Tak percaya? Coba saja tengok kanan-kiri sepanjang jalan Ibu Kota. Ratusan hektare lahan sudah dikapling. Crane sibuk berputar mengangkut bahan bangunan. Truk pun hilir-mudik keluar-masuk lokasi pembangunan hingga larut malam. ”Properti sedang booming,” kata Presiden Direktur Lippo Karawaci, Viven G. Sitiabudi, pekan lalu.
Tren pembangunan properti yang tengah digandrungi para taipan adalah pembangunan kawasan terpadu. Konsepnya menyatukan apartemen, kantor, hotel, dan pusat belanja. Mereka menyebutnya dengan beragam nama, dari superblok, mix use development, hingga kota baru.
Menurut pengusaha properti kawakan Trihatma K. Haliman, konsep kawasan terpadu ini bakal terus menjamur hingga lima tahun ke depan. ”Sekarang sedang tren warga back to city,” ujarnya. Pemicunya adalah sarana transportasi menuju pinggiran Jakarta yang tak kunjung beres, yang bikin hidup kian tak nyaman.
Ratusan ribu mobil yang keluar-masuk Jakarta saban hari membuat jalanan makin sumpek. Belum lagi harga bahan bakar minyak yang kian mahal, yang membuat tinggal di luar kota memboroskan waktu, energi, dan duit. ”Jadi tak ada lagi pilihan,” kata Lucy Rumantir, Chairman Jones Lang LaSalle Jakarta. ”Masyarakat urban mulai memilih tinggal di apartemen.”
Peluang inilah yang kemudian tertangkap oleh para raja properti. Apalagi tanah di Jakarta semakin sempit dan mahal. Mengoptimalkan lahan menjadi pilihan para pengusaha properti setelah krisis. Dengan menerapkan konsep superblok, para pekerja atau pebisnis yang tinggal di sini sangat dimudahkan. Mereka cukup berjalan kaki atau turun dari lift sekadar untuk berbelanja, ke kafe, ke kantor, atau menonton hiburan.
Karena itu, jangan heran jika taipan ramai-ramai turun gunung mewujudkan ”kota baru” di seantero Jakarta. Kecuali di Jakarta Timur yang daya belinya rendah, mereka menyasar tanah-tanah kosong dan strategis di Jakarta Barat, Selatan, Pusat, dan Utara. Mereka adalah Grup Lippo, Grup Agung Podomoro, Grup Bakrie, Grup Ciputra, Grup Djarum, hingga Grup Pakuwon Jati dari Jawa Timur.
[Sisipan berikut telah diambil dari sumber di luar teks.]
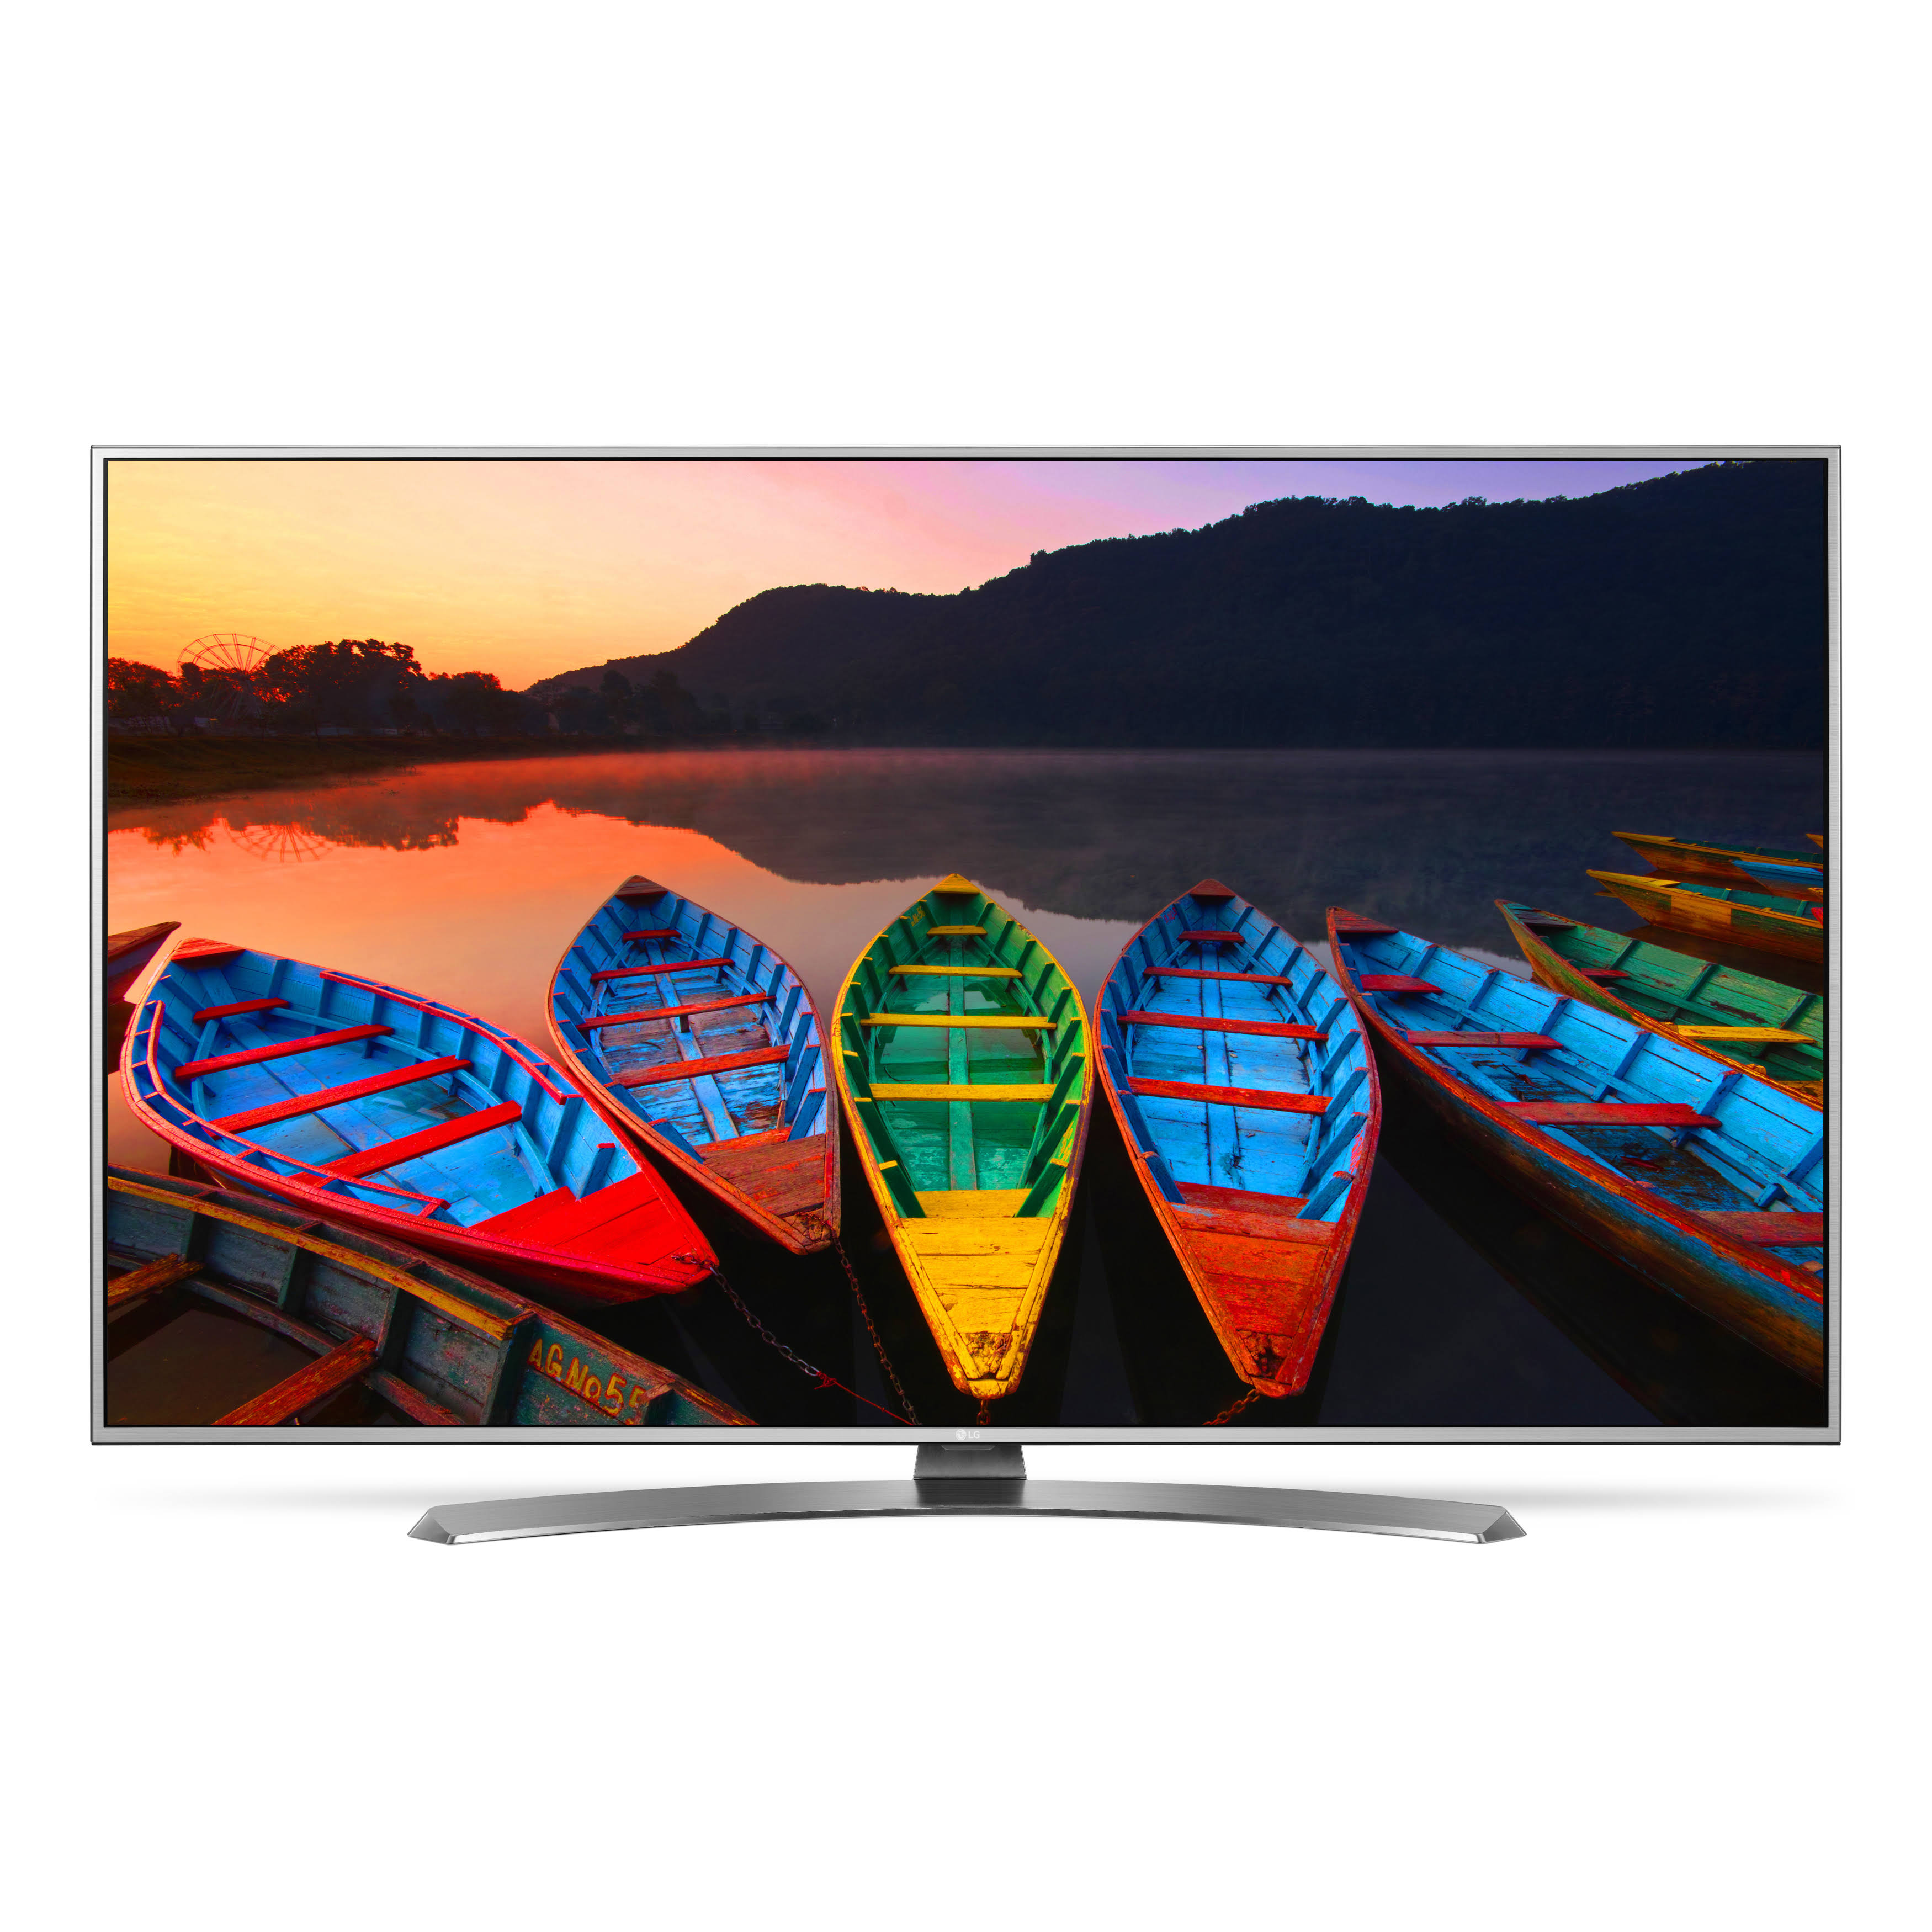 LG إلكترونيات 55UH7700 55-Inch 4K Ultra HD Smart LED TV (2016 Model)

Awal Agustus nanti, Grup Lippo akan memulai gebrakannya dengan peletakan batu pertama pembangunan Kemang Village. Di area seluas 12 hektare, kelompok usaha milik keluarga Riady ini tidak sekadar menawarkan hotel, kondominium, kantor, dan mal, tapi juga melengkapinya dengan Sekolah Pelita Harapan dan Rumah Sakit Siloam Gleneagles. Grup ini juga bakal menyiapkan landasan helikopter untuk memudahkan para eksekutif yang ingin tancap gas ke bandara atau kawasan bisnis lain.
Berbekal investasi US$ 880 juta atau sekitar Rp 8 triliun, grup bisnis yang dikomandani James T. Riady ini bermimpi menjadikan Kemang Village sebagai pusat komunitas internasional yang bisa menampung 10 ribu orang. ”Kami membawa konsep The Ultimate Landmark of Life Style atau simbol gaya hidup mewah,” kata Viven. Tak aneh bila harga unit apartemen yang ditawarkan mulai Rp 800 juta hingga Rp 2 miliar.
Jopy Rusli, Direktur Lippo Karawaci, berkeyakinan bisa merebut pasar kalangan atas di kawasan elite Jakarta ini. Alasannya, Lippo memiliki kelebihan yang tidak dipunyai pengembang lain. Selain aktif di proyek properti, grup ini mempunyai unit bisnis rumah sakit, sekolah, dan retail. ”Semua kelebihan itu kami satukan di sini,” ujarnya.
Meski persaingan berat, Pakuwon Jati, yang dikendalikan Alexander Tedja, rupanya cukup percaya diri bermain di selatan. Di sini, bukan cuma Lippo yang ia hadapi. Tak sedikit perusahaan asing merelokasi kantornya ke kawasan ini. ”Contohnya Dupont dan ConocoPhillips,” kata Ivy Wong, Kepala Pengembangan Bisnis Grup Pakuwon, pekan lalu.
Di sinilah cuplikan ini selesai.